Но форменная рубашка и офицерская сумка тревожили ее. Чтобы развеять сомнения, теснившееся в седеющей голове Анны, Васька начал объяснять причину своего появления в их провинциальном городке:               
         - Я выполнял боевое задание, в самолете закончился бензин, видимо  механики не долили,  мне пришлось совершить вынужденную посадку своего тяжелого бомбардировщика прямо за городом на автодроме, - Беспощадно врал Васька, наливая очередную порцию водки и залпом опрокидывая ее в рот.
         - Я ведь в военкомат шел, чтоб бензин подвезли, а тут ты, со своим коромыслом – не закусывая, продолжал он.               
- Трибунал! Только трибунал будет тебя судить!               
     Не зная как загладить вину, Анна всхлипнула, и заметив, что названный летчик много пьет, призадумалась. Нужно напоить его посильней, а там видно будет. На столе появилась вторая бутылка водки.               
         - Василий Петрович! Вы бы сняли с себя одежду? Я бы постирала, пока вы отдыхаете, – сказала Анна.               

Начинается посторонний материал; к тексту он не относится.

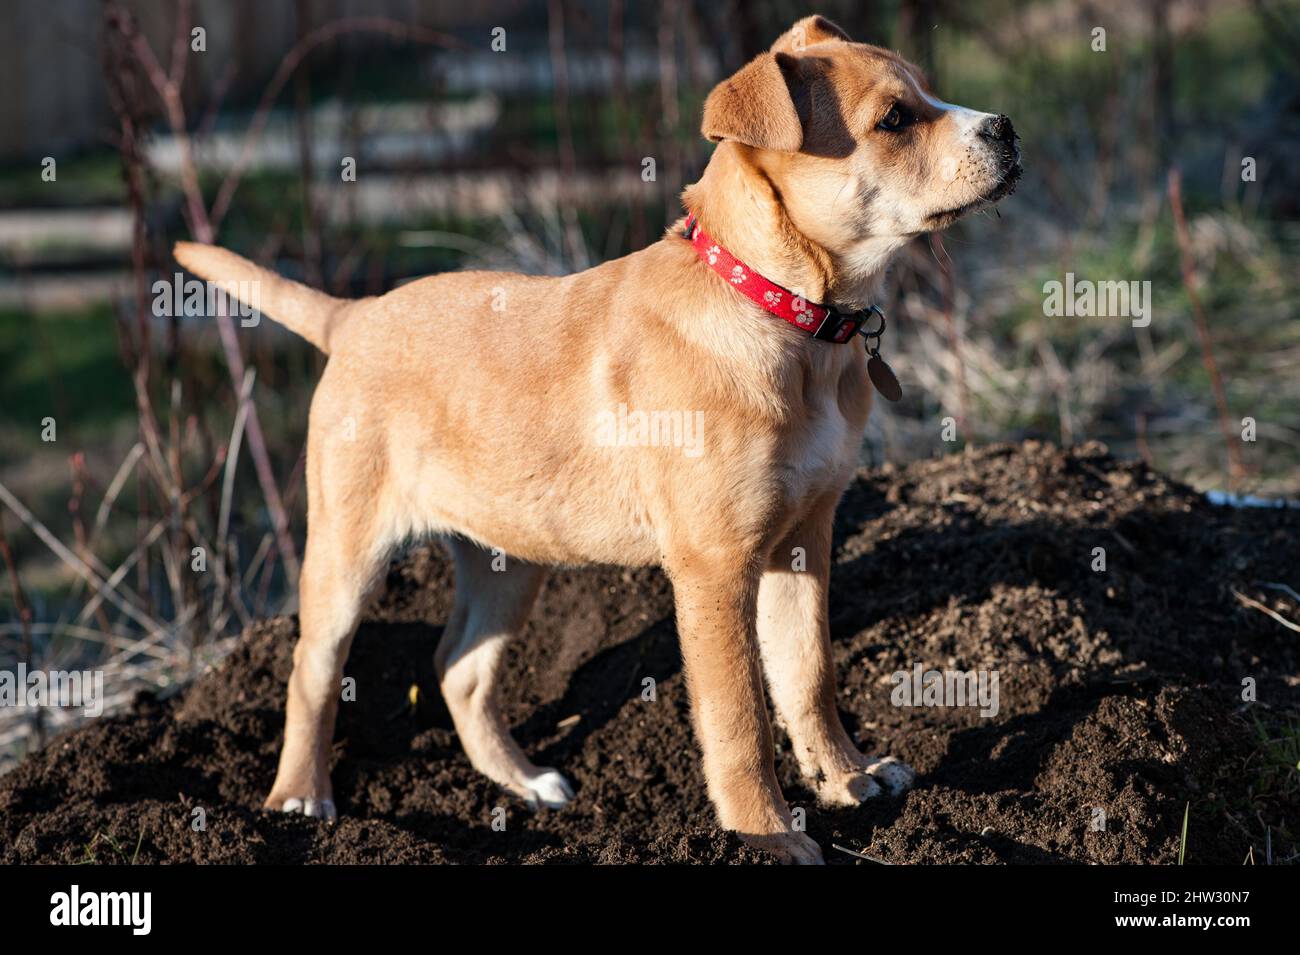 A puppy plays in the dirt Stock Photo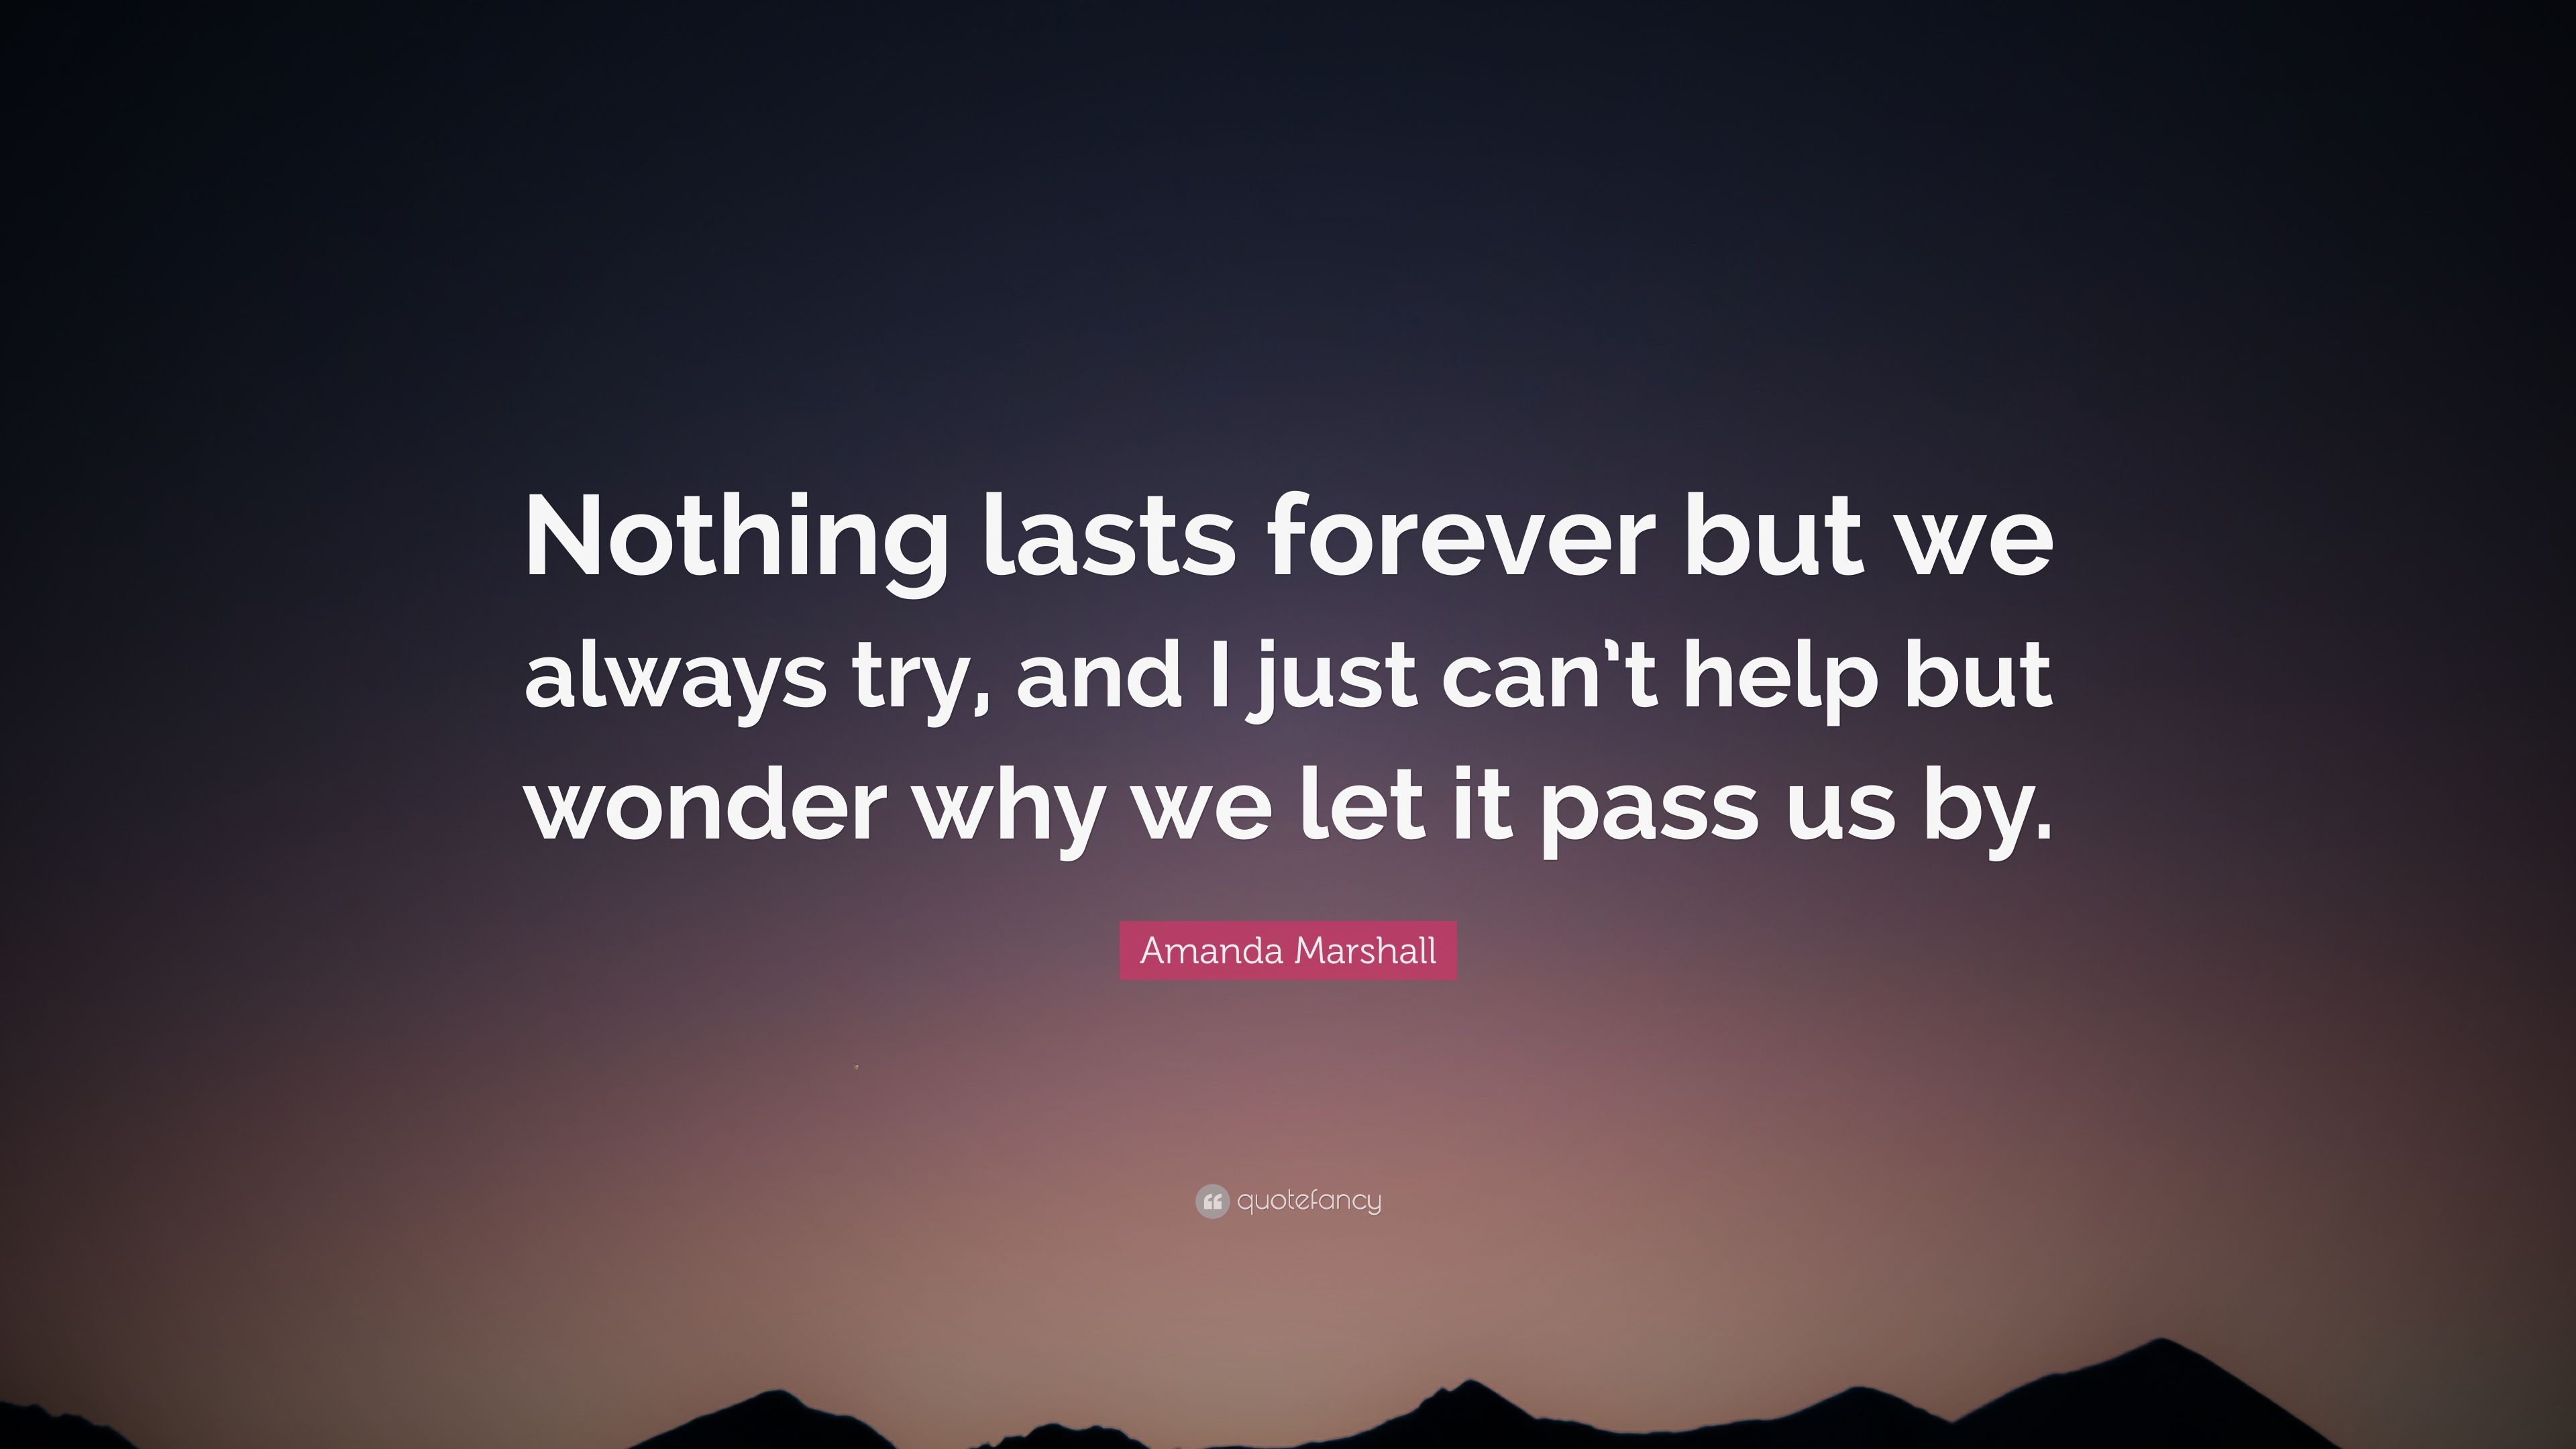 Amanda Marshall Quote: “Nothing lasts forever but we always try, and I just can't help but wonder why we let it pass us by.” (7 wallpaper)

         - Почему бы и нет, - подумал Васька своей сильно захмелевшей головой -
все от жены меньше скандала будет, - и начал снимать с себя грязные рубашку и брюки. Достав из кармана протез глаза, Васька промыл его под умывальником, и вставил в пустую глазницу. После чего,  натянул повязку на место и подал хозяйке снятую одежду, оставшись в одних трусах. Все это время Анна стояла, отвернувшись спиной, но, принимая белье, мельком заметила,  на худущем теле летчика черные трусы.   Видимо форменные, – подумала она.               
   Поставив на крыльцо таз,  Анна налила дождевой воды, из стоявшей под крышей бочки. Обшарив карманы Васькиной одежды, в надежде найти какие ни - будь документы,  вытащила из кармана мелочь, пересчитала. Было двадцать три копейки. Не богато, военный летчик - подумала она. Закончив стирку,  Анна развесила белье на  веревку,  натянутую через  двор.
    Отпив из стоявшей на столе бутылки еще стакан, полуголый Васька, не в силах сидеть от нагрянувшего хмеля, улегся на старенький диван, подложив под голову офицерскую сумку. Когда Анна проходила в комнату, чтобы переодеть намокший во время стирки халат, Васька, слабо похрапывая, спал, вытянувшись своим костистым телом на диване.               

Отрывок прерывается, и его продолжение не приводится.